Plaintiff also wanted to limit the evidence that the defendant could present in two areas. The first comes up more and more as plaintiffs try to suggest that medical devices are developed out of thin air rather than building on what came before: trying to exclude evidence of testing and experience with the predicate device. Without knowing the details, we can make an educated guess that testing was done in connection with the predicate device on things like materials selection, performance, and biocompatibility that was not repeated for the plaintiff’s device because that is how it is supposed to work for medical devices. So, by making the falsely attractive argument of “we should just be talking about the product at issue in the case, its specific testing and the defendant’s specific experience with it,” the plaintiff hoped to exclude some potentially key evidence. (We know that experience with other products is something drug and device manufacturer defendants often try to exclude, often using the Rule 403 “mini-trial” argument mentioned above, so we recognize there is a potential goose-gander dynamic here.) The court here saw that the “design, testing, and clinical experiences” with the predicate product was relevant to a number of issues in the case. Experience with metal-on-metal parts in the predicate product “informed” the design and production of the plaintiff’s product, which “is relevant to the design issues in this litigation, including the issue of alleged misrepresentations, to refute Plaintiff’s claim about metal ion release and to refute any claims that Defendants did not have sufficient experience in producing metal-on-metal products.” Id. at *4. Without explanation, the court also noted relevance to punitive damages. This is an important additional consideration, as letting the jury hear that there was a prior marketed product that that the manufacturer thought helped justify the design of the plaintiff’s product does tend to negate the sort of intent require to piggyback punitive damages on finding the design was defective.
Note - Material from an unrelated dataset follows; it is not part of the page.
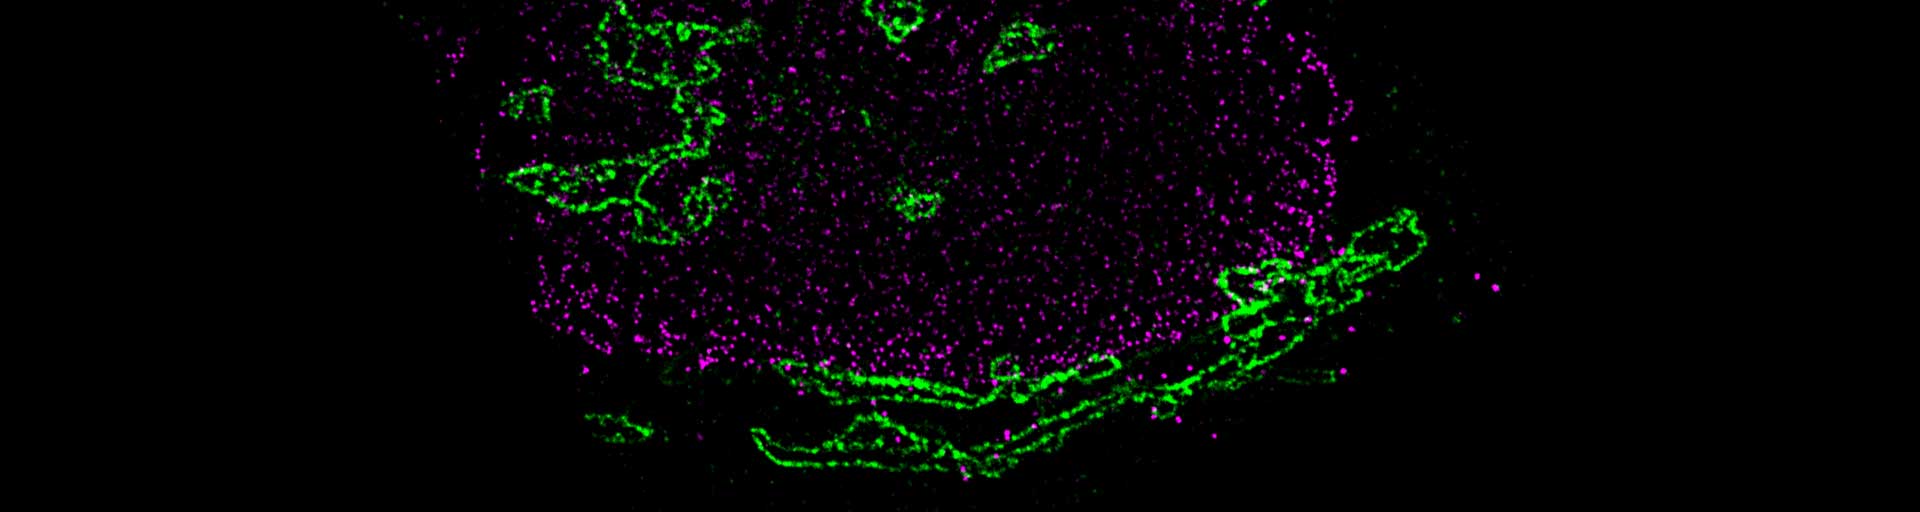 2-color STED image of mammalian cell, stained with nanobody conjugated abberior STAR dyes

The second is something we see less often: evidence from surveillance of the plaintiff. There is no doubt that surveillance that the defendant would want to use would be relevant and maybe even highly impactful. The rub, per plaintiff, was that this surveillance evidence was not disclosed until being mentioned on the trial exhibit list. “The Court notes that, by its nature, surveillance evidence to ascertain whether a plaintiff is still suffering from an alleged injury may need to be conducted close to trial, after discovery deadlines have passed.” Id. at *5. This evidence may be directly admissible, but it certainly can be used to impeach the plaintiff if she claims not to do things she was observed doing during the surveillance. That will be the kind of evidence that the jury will understand, regardless of how many witnesses plaintiff calls to dump on her hip implant.